I know that cargo check runs on save, because the Problems pane shows compiler errors. That didn't happen until I got my settings right.

I expect you will need to use the overrideCommand to get what you want. Here's everything I have in my settings.json related to the Rust analyzer.

    "rust-analyzer.cargo.features": ["simulator, webserver"],
    "rust-analyzer.checkOnSave.command": "cargo check",
    "rust-analyzer.checkOnSave.features": ["simulator, webserver"],
    "rust-analyzer.checkOnSave.enable": true,
    "rust-analyzer.checkOnSave.allTargets": false,
    "rust-analyzer.checkOnSave.target": "simulator",
    "rust-analyzer.checkOnSave.overrideCommand": [
        "cargo","check", 
        "--bin", "simulator", 
        "--features", "simulator, webserver",
        "--message-format=json"
    ],
    "rust-analyzer.cargo.allFeatures": false,
    "rust-analyzer.trace.server": "verbose",
    "rust-analyzer.trace.extension": true,
    "rust-analyzer.diagnostics.enableExperimental": false,

Please don't ask me to explain why things are set the way they are.

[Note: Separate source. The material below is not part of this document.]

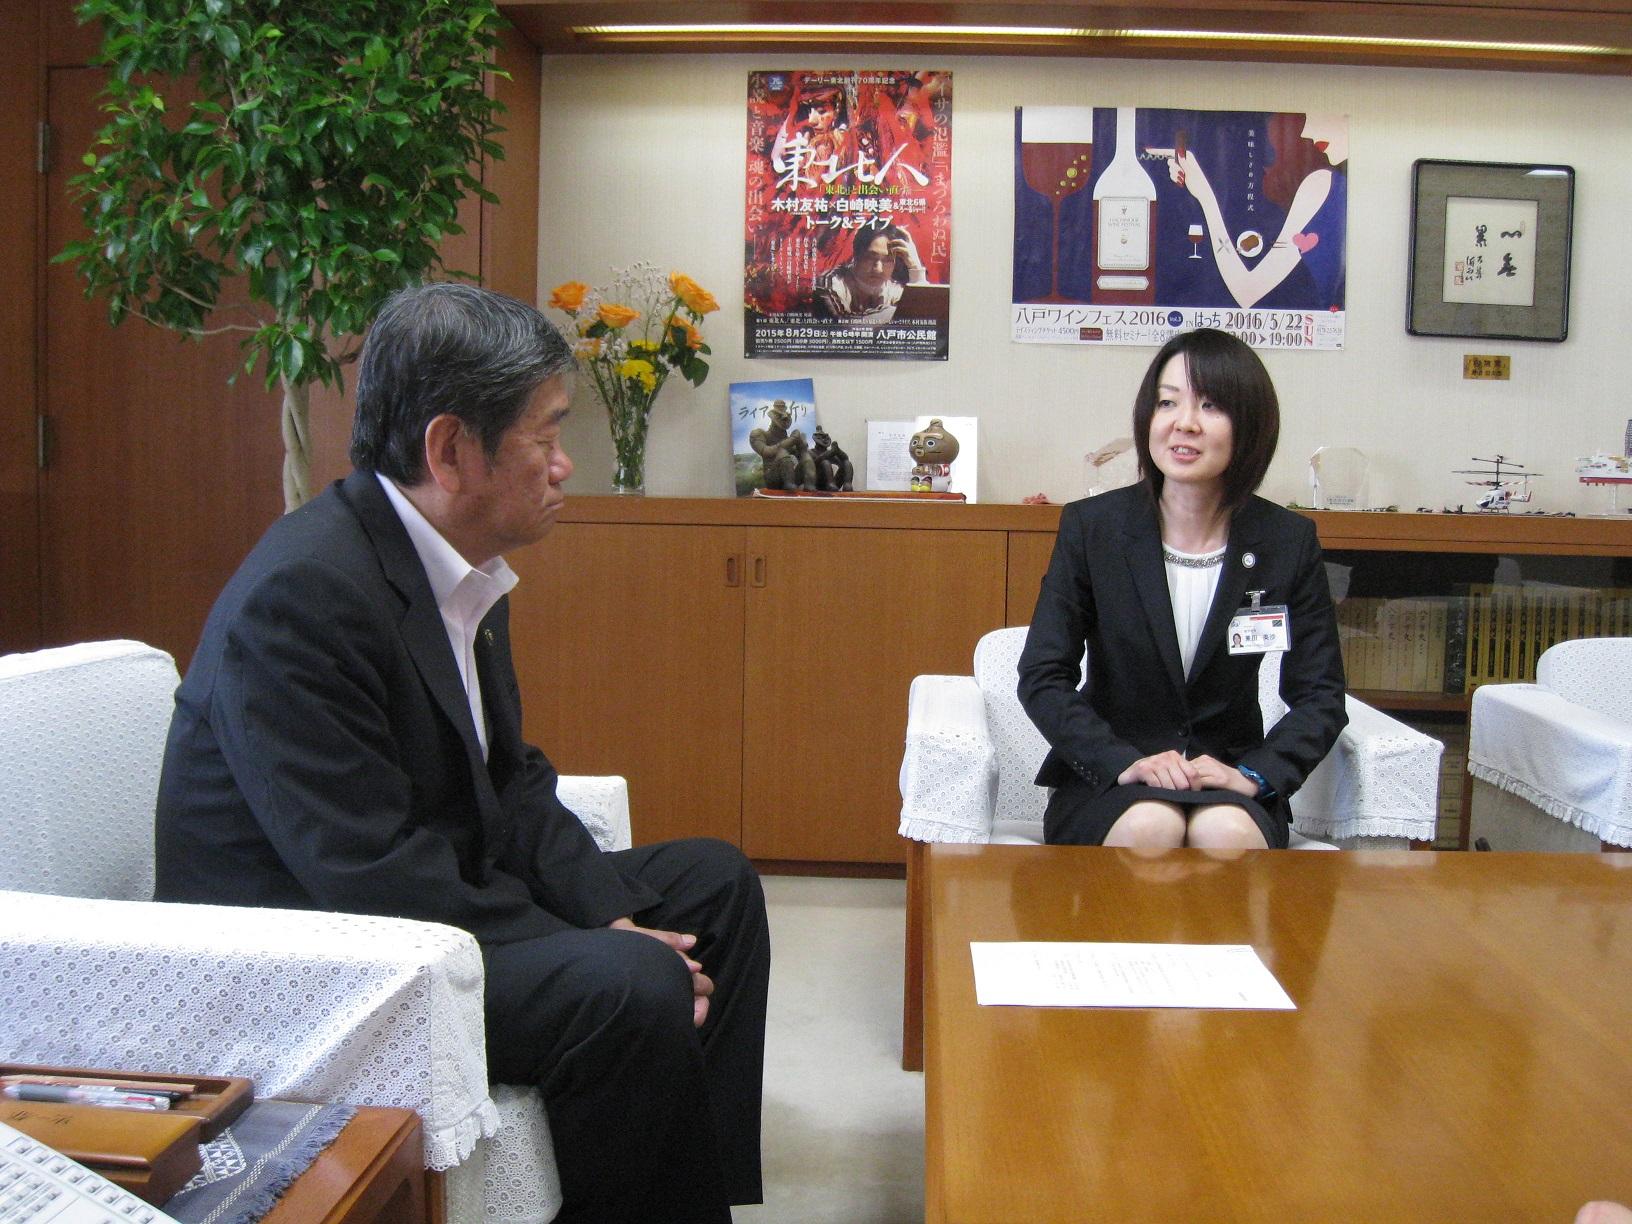 カネタミサさんが小林市長に表敬訪問し、談笑している写真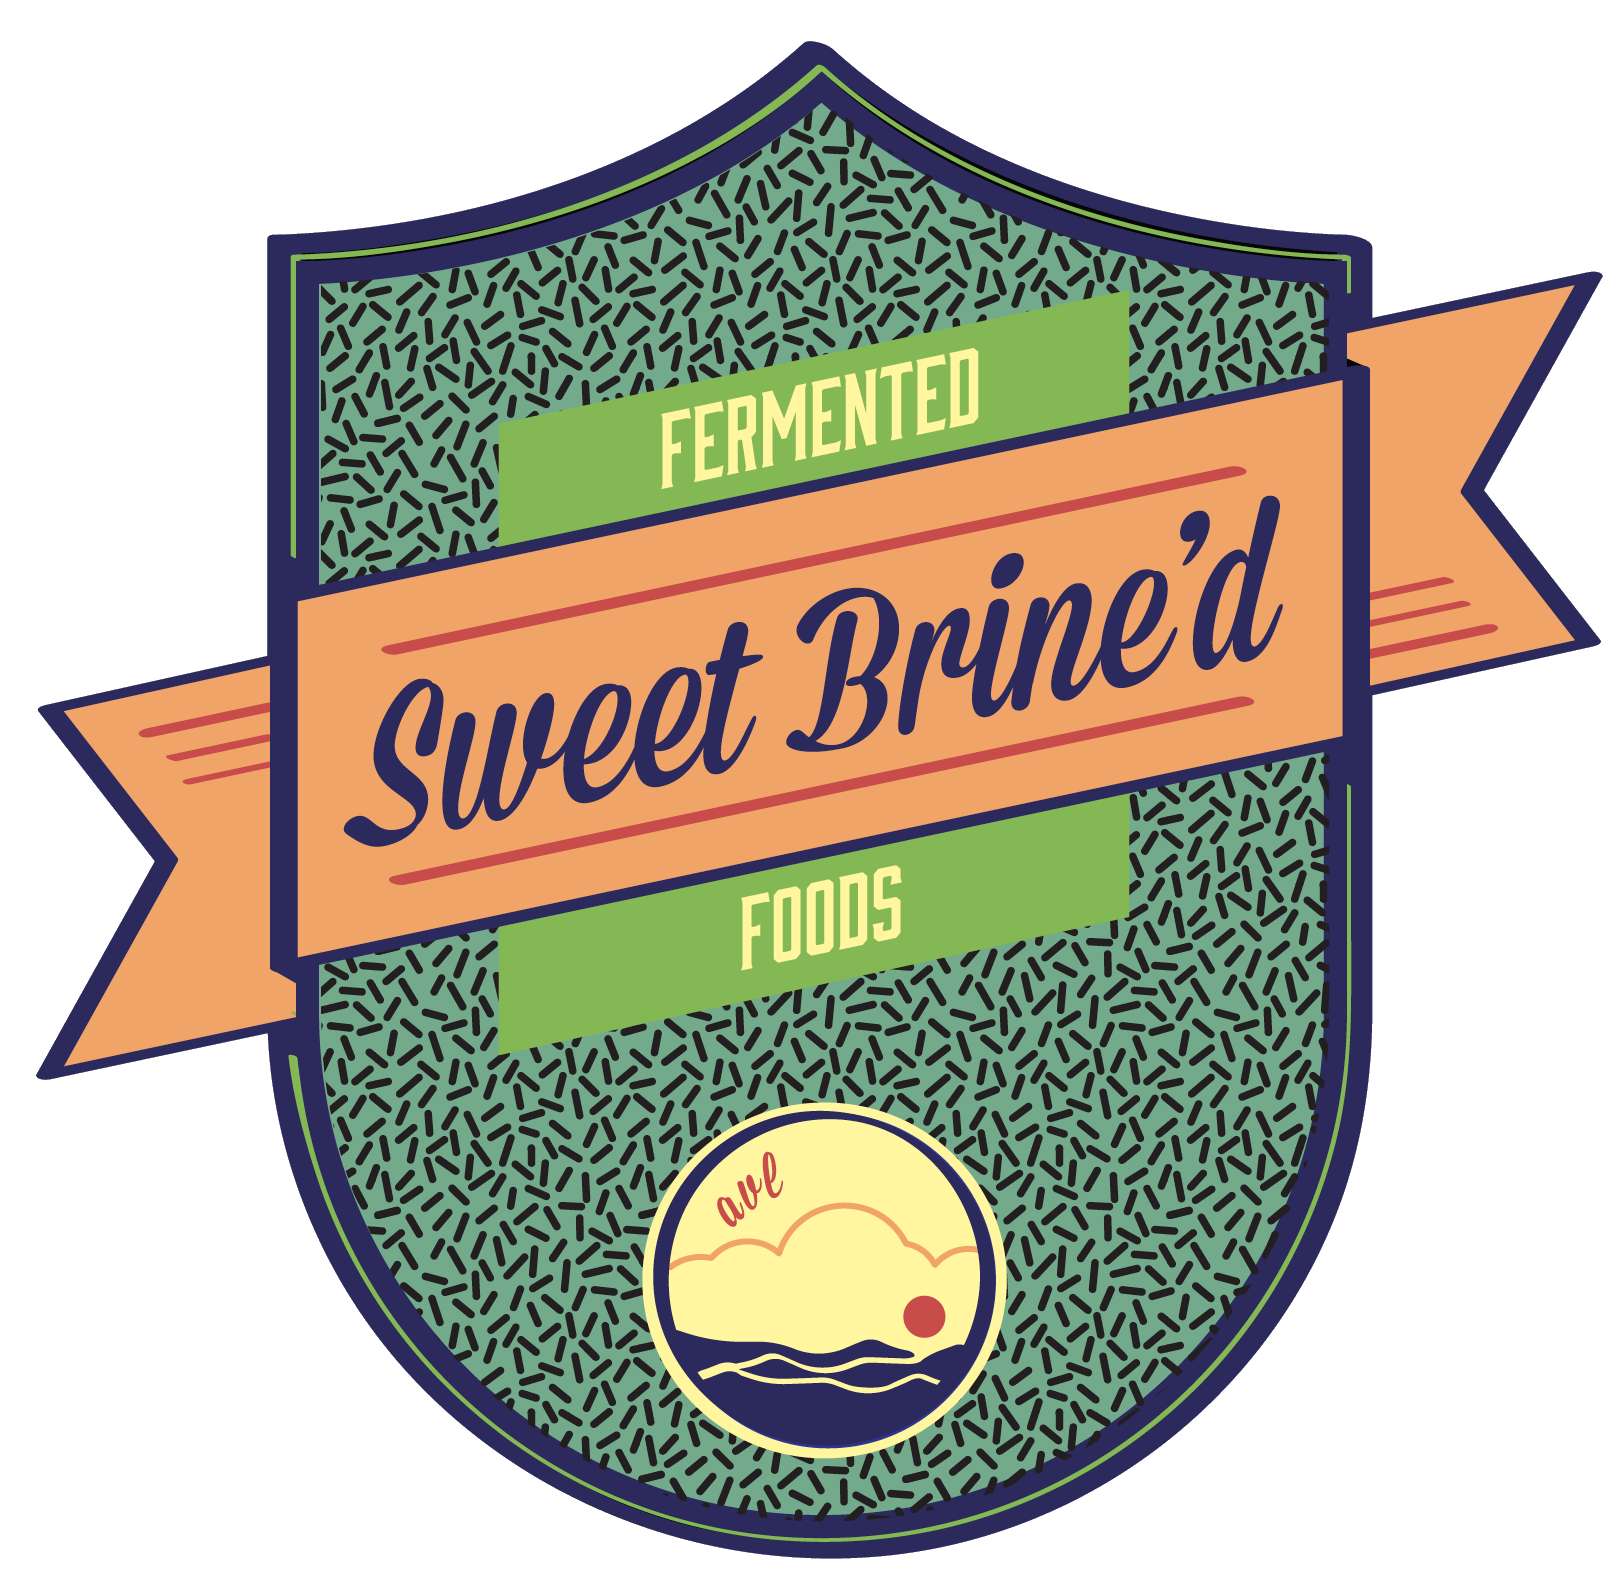 Sweet Brine'd Fermented Foods

I tried things pretty much at random until I got the behavior I want.

rust-analyzer.checkOnSave.overrideCommand overrides the effect of checkOnSave.command, checkOnSave.features, checkOnSave.allTargets and checkOnSave.target, so they don't matter. Otherwise, setting checkOnSave.command to "cargo check" would indeed make it not work at all, because it should be just the cargo command like check or clippy.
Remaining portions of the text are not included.